Below is a timeline of how these criminals are adapting with the security changes as the years go on.
6 Years Ago
The attack was basic. A U.S. payment processor was compromised as a result of a imperfect configured firewall. Also referred to as a basic layer network attack.
4 Years Ago
A data thief posed as a customer and a U.S. data aggregator failed to verify him as a thief. He was compromised with thousands and thousands of client records which contained personal identifiable information. This kind of attack is known as an “old-school” social trade attack.
2-4 Years Ago
Thailand hackers placed taps on phone lines to seize information being sent for authorizations. This is not an uncommon method of attack in the Middle East and Asia.
2 Years Ago
Using malicious software a main retailer was compromised.
Last Year
Using malicious software a main supermarket chain was compromised.
Those were just a few of the examples of how thieves are adapting there tactics to recent security changes and standards. Back in 2003 many of the attacks were simple and intended to take advantage of networks and unencrypted data. Companies weren’t encrypting data yet so this was a huge and valuable win for the criminals. More companies have been in comply with the security steps needed to be taken to make certain that the data is not retained. In return the thieves have to continuously change their tactics to retrieve the data needed.

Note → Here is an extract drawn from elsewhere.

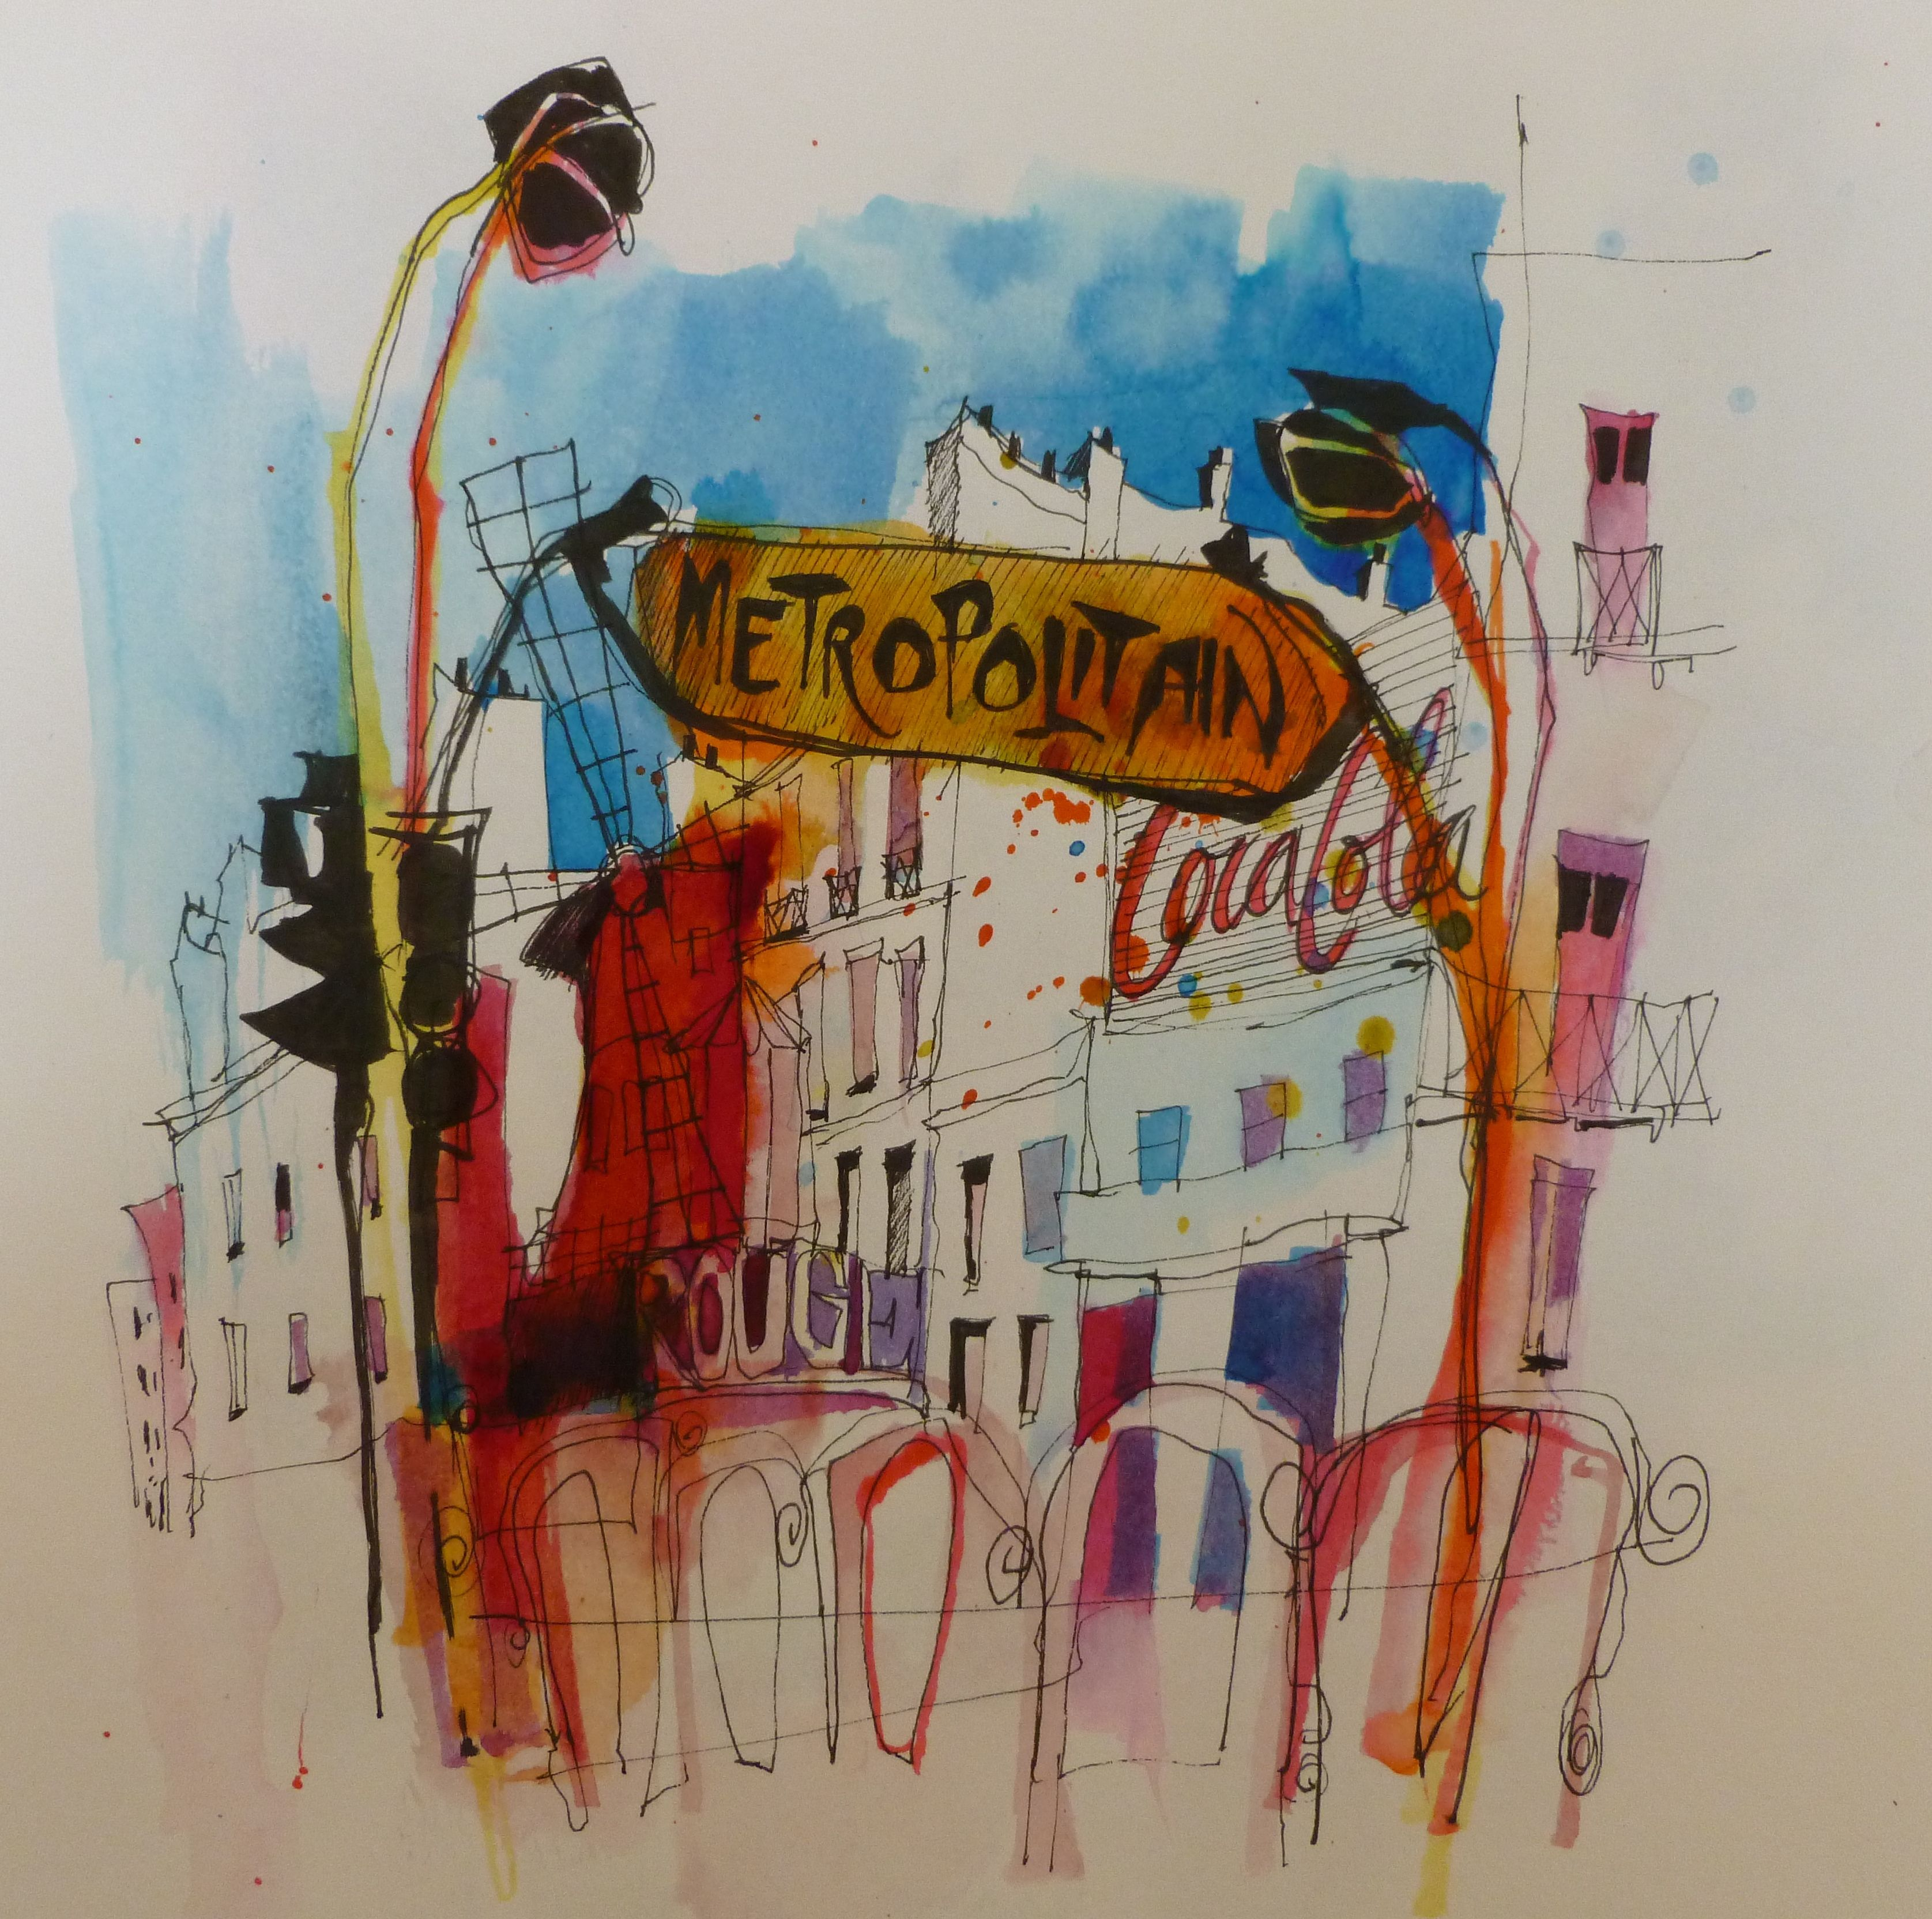 Moulin Rouge Paris Watercolor Illustration Painting

More and more of these data thieves are trying to gain the sensitive data by using malicious software as it is being sent for authorizations. It increases the chances of obtaining the sensitive data.
Trojans, wireless attacks, have also begun to take a big role within the payment card industry. The result of external attacks within the payment card industry is huge. An analysis acknowledged outer sources being held accountable for 73% of breaches and 31% resulting in using malicious software.
As time goes on and advances so does technology. The payment card industry is always going to have to be one step ahead of these thieves at all times. Only time will tell if they can obtain more sophisticated security programs that these thieves can’t get through.